* _INPUT DATA_:
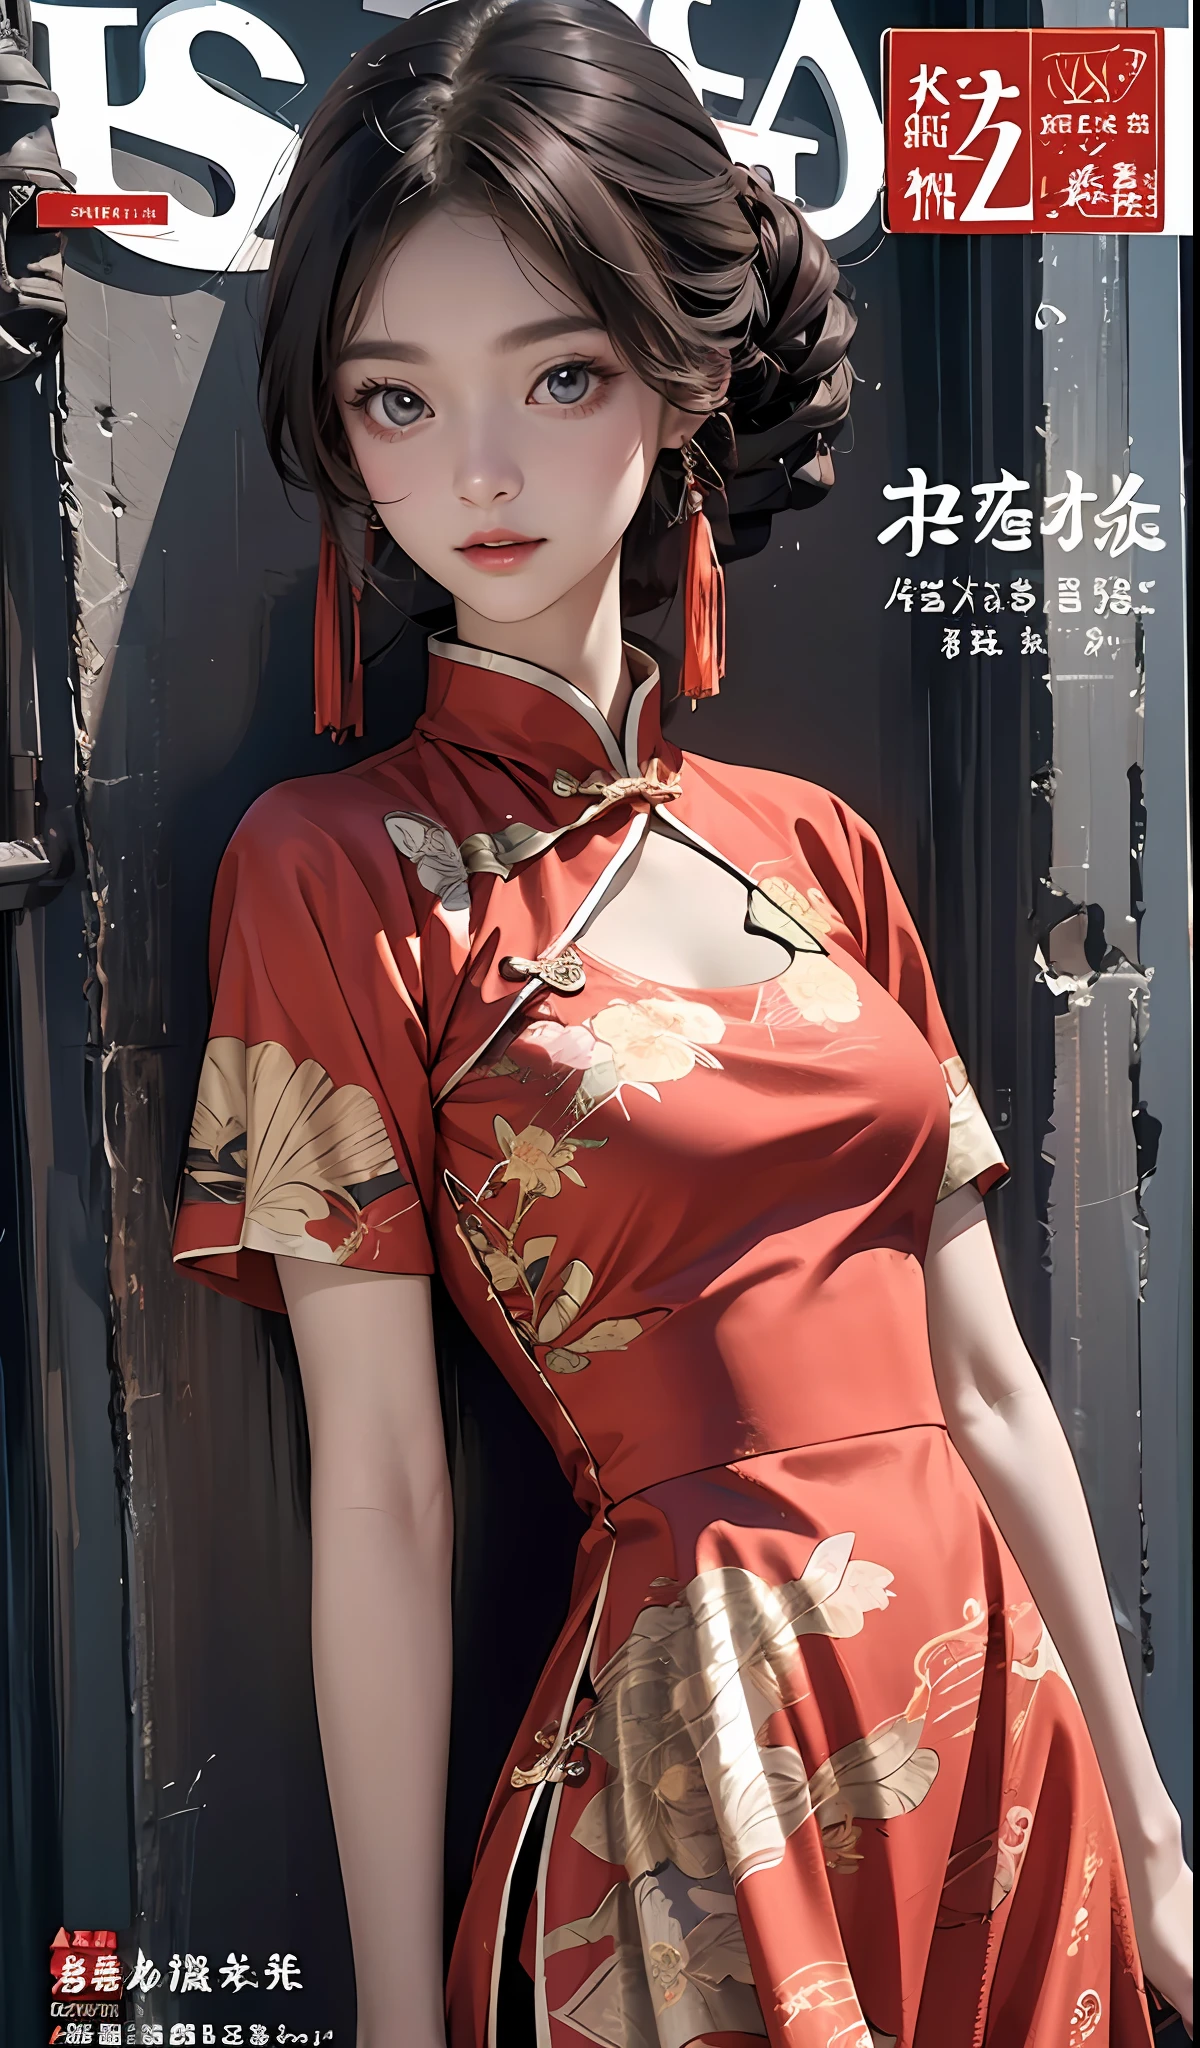 mejor calidad, maestro, Una alta resolución, Wuxia 1girl, vestido chino, cara súper hermosa, ojo súper hermoso, cabello súper hermoso，Portada de revista
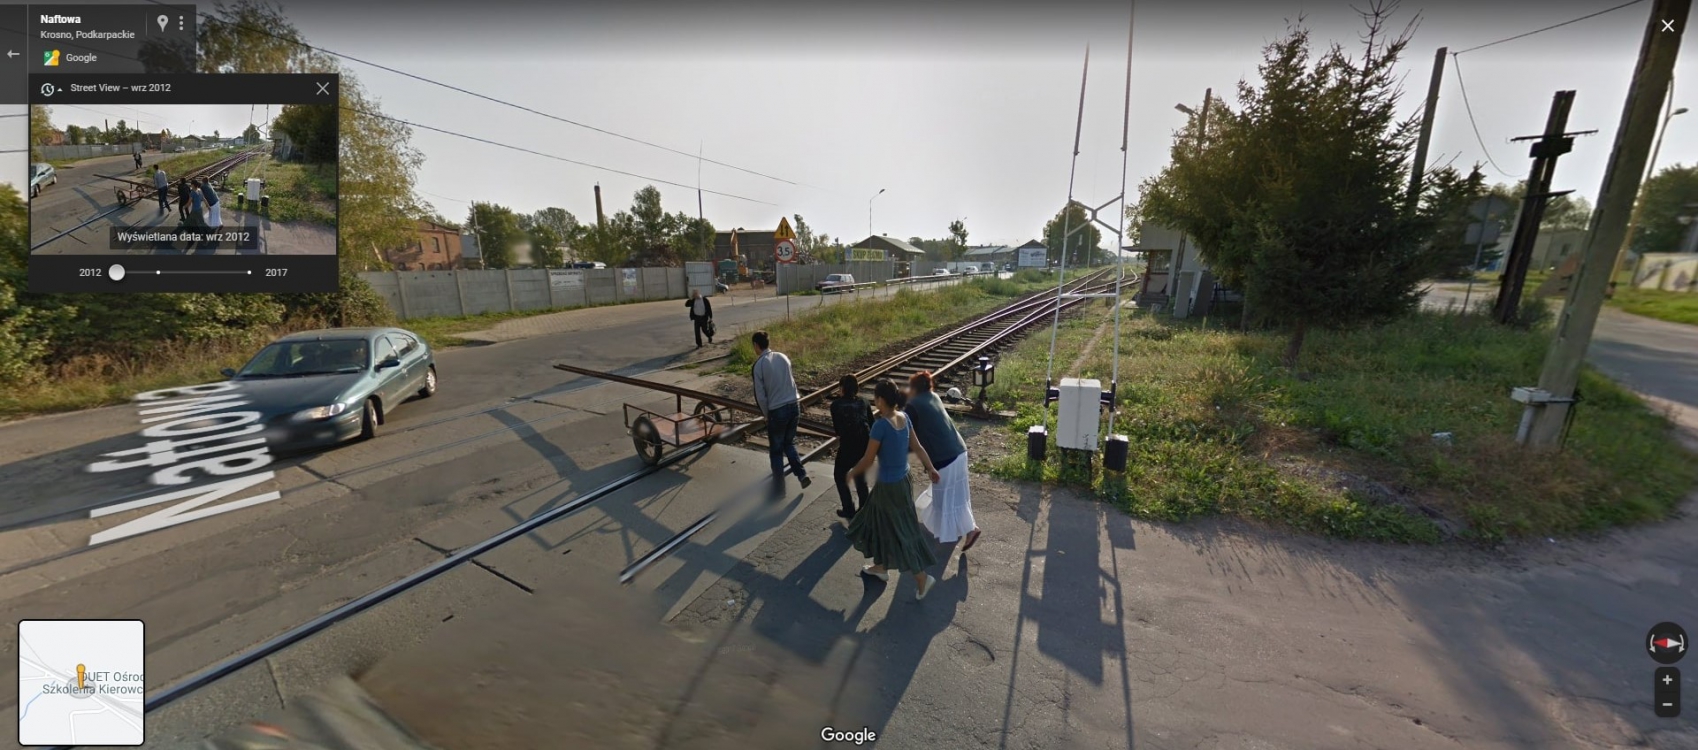 Kradzież torów kolejowych uwieczniona na mapach Google? Te zdjęcia robią furorę w sieci!
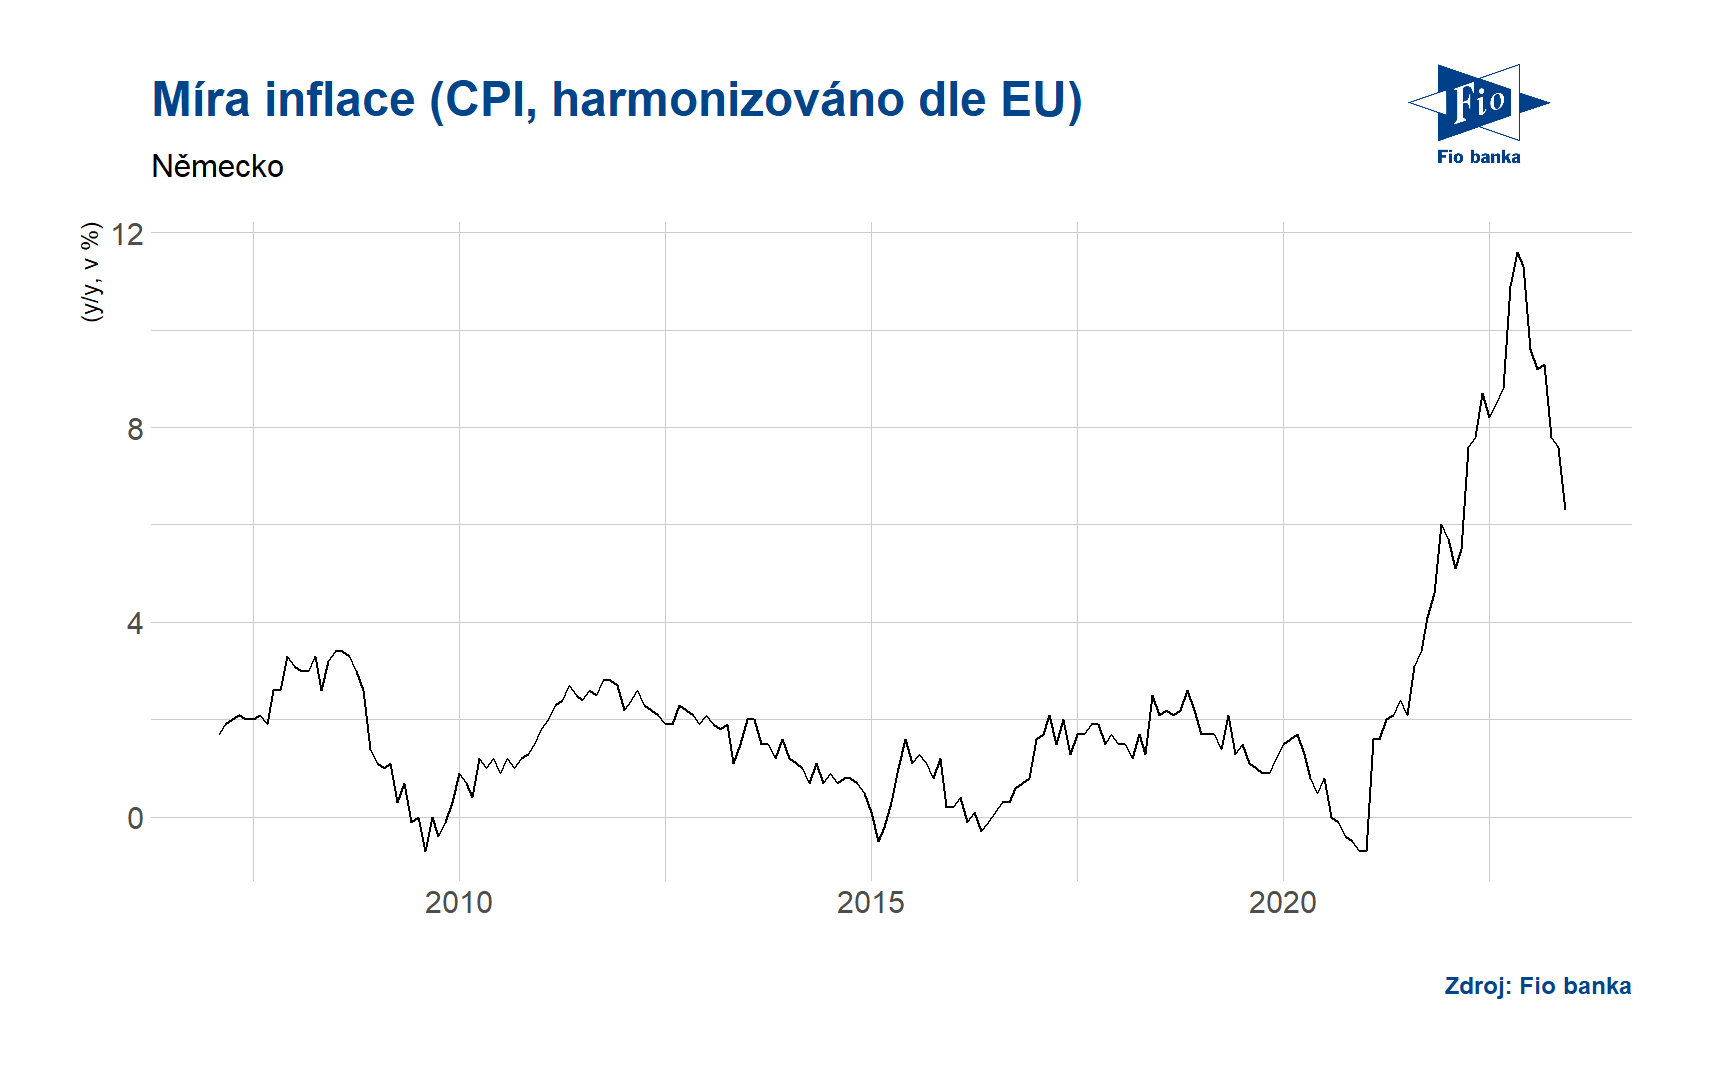 Míra inflace dle CPI - Německo

* _EXERCISE GOAL_:
The entire listing above, word for word and without pictures, is what should be output.

* _RESULT OF THIS TASK_:
 mejor calidad, maestro, Una alta resolución, Wuxia 1girl, vestido chino, cara súper hermosa, ojo súper hermoso, cabello súper hermoso，Portada de revista
 Kradzież torów kolejowych uwieczniona na mapach Google? Te zdjęcia robią furorę w sieci!
 Míra inflace dle CPI - Německo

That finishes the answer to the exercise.